[ASSIGNMENT]
Leaving out every picture, please repeat exactly the line that contains "Autodesk Inventor Software" and each line after it through the final line below.

[GIVEN DATA]
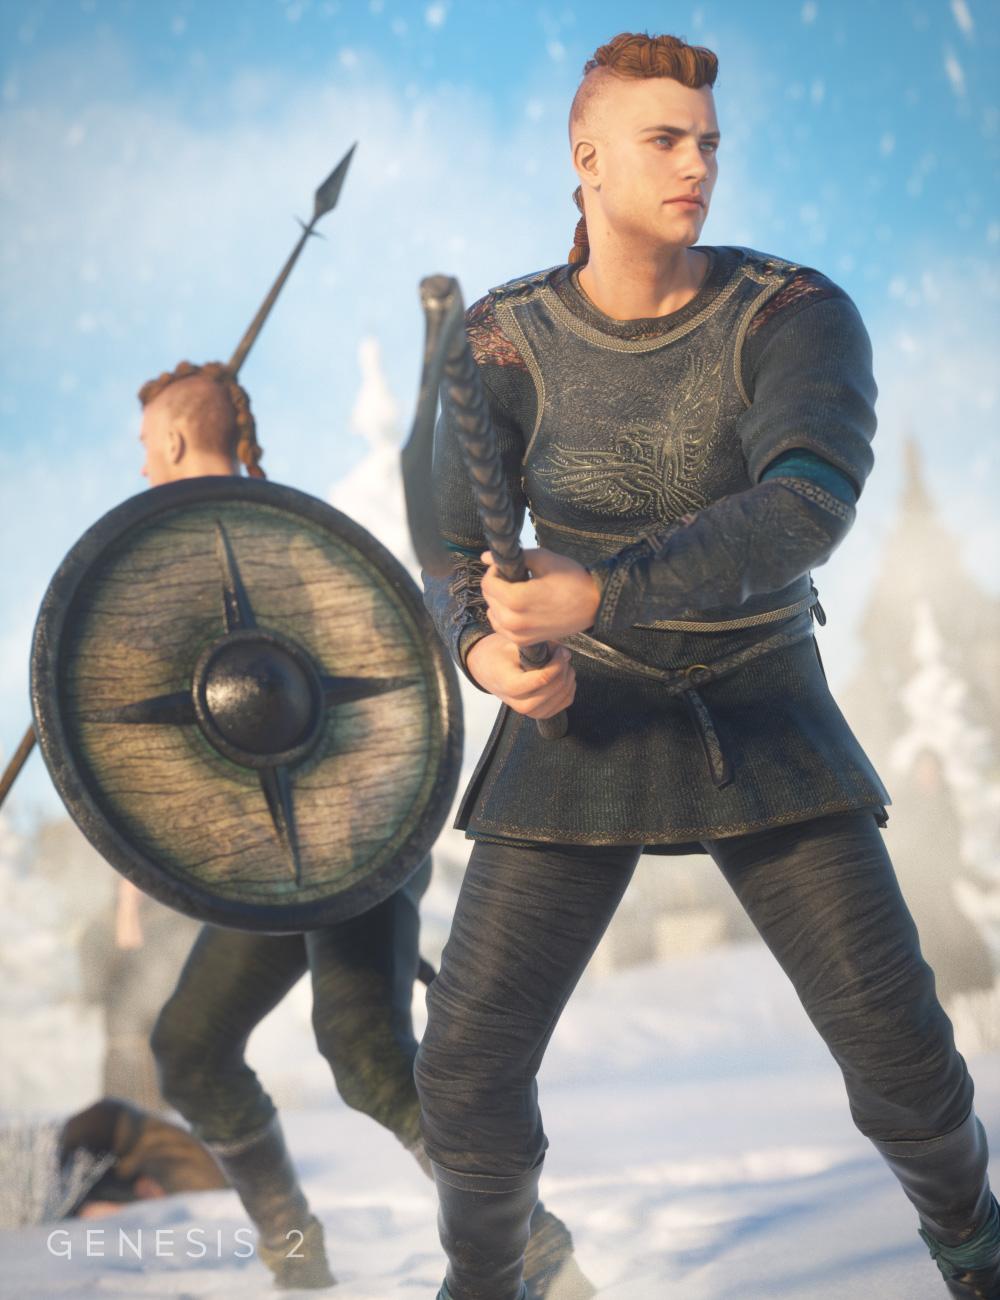 Norsemen II for Viking for Genesis 2 Male(s) by: Sarsa, 3D Models by Daz 3D
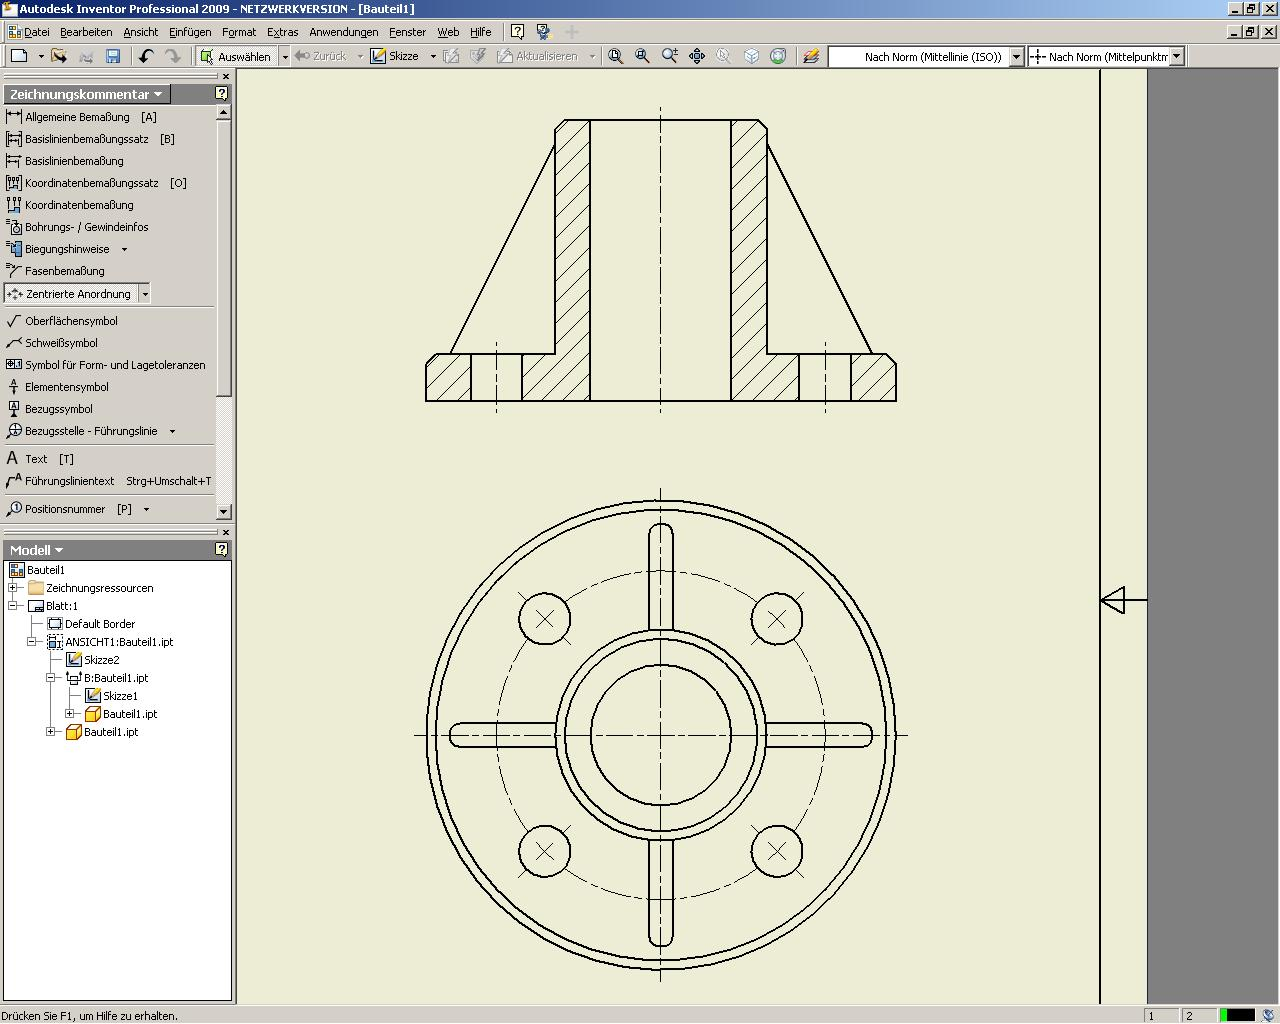 Autodesk Inventor Software
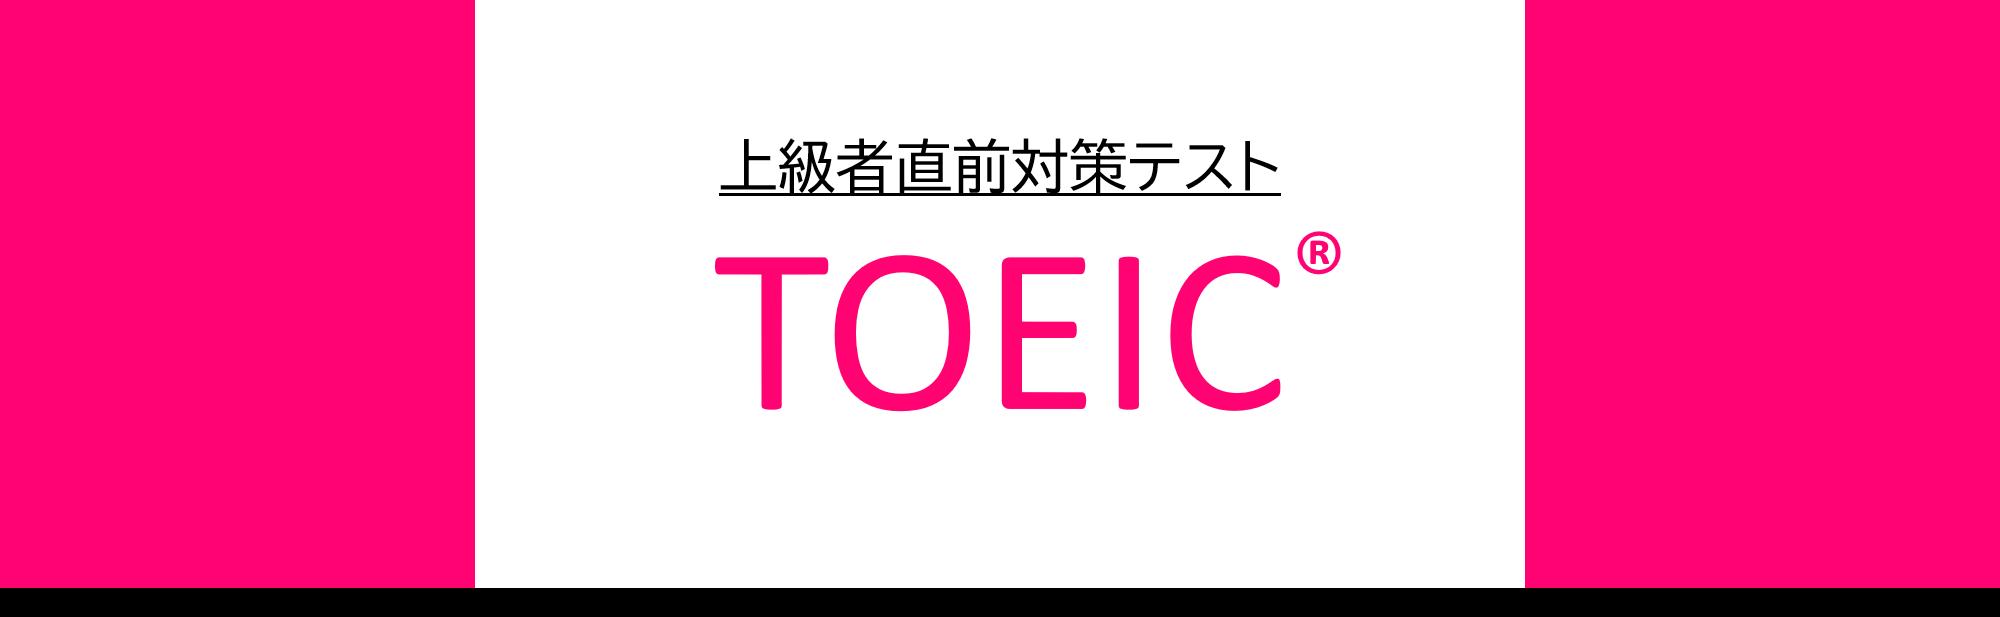 TOEIC®L&R TEST 上級者 直前対策テスト(730点以上)
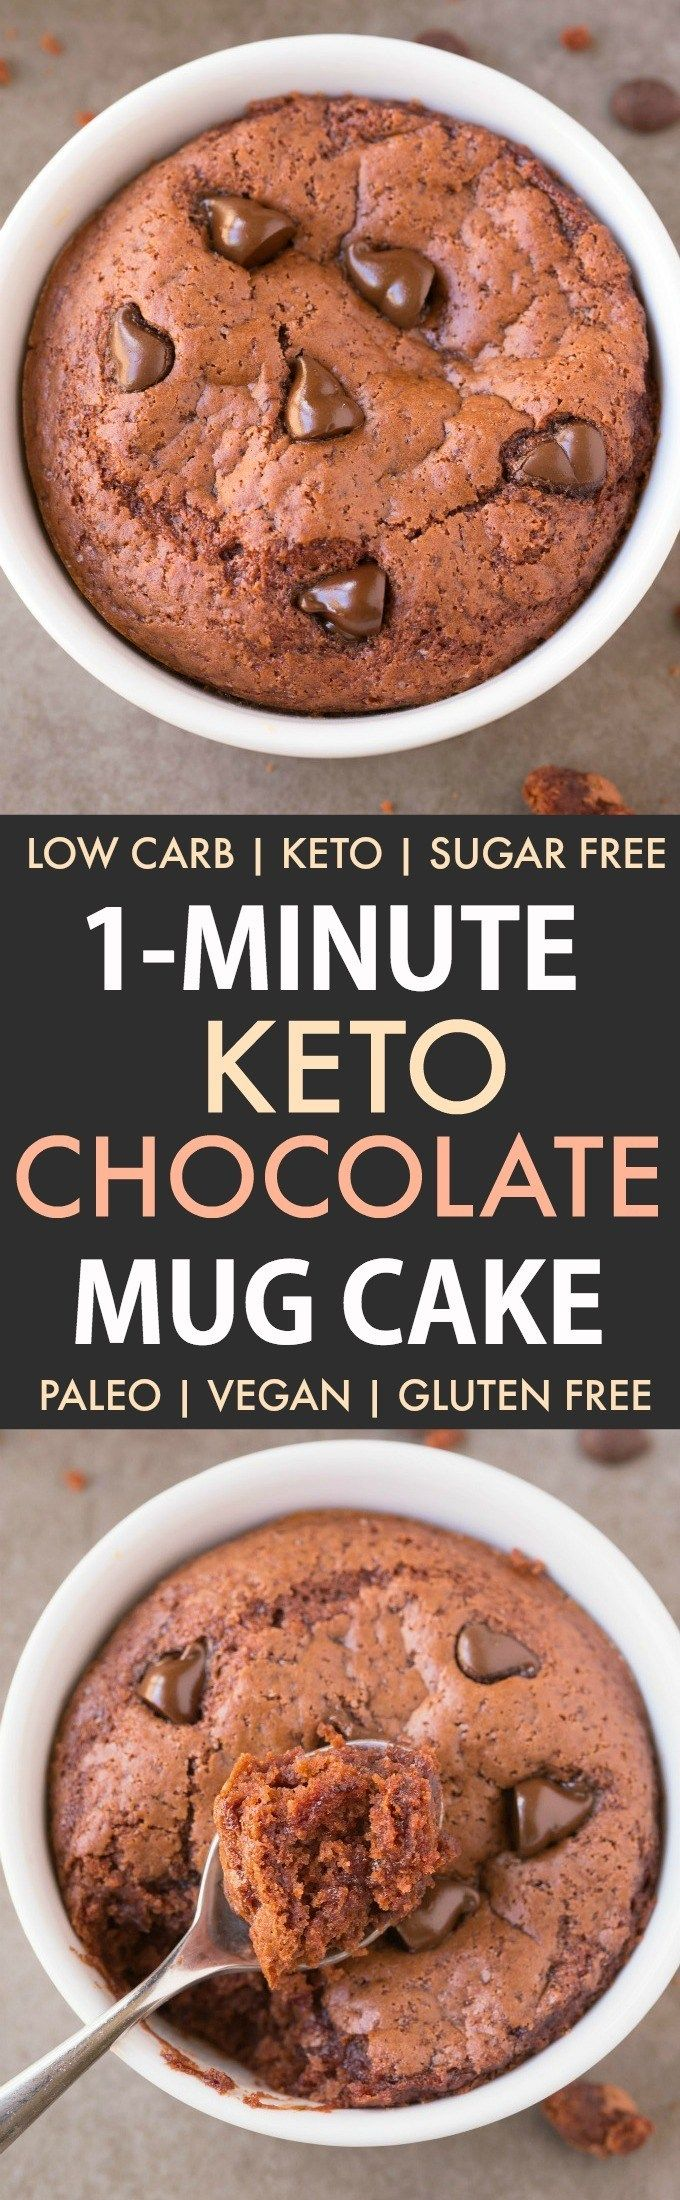 1-Minute Keto Chocolate Mug Cake (Paleo, Vegan, Sugar Free ...

[RESULT]
 Autodesk Inventor Software
 TOEIC®L&R TEST 上級者 直前対策テスト(730点以上)
 1-Minute Keto Chocolate Mug Cake (Paleo, Vegan, Sugar Free ...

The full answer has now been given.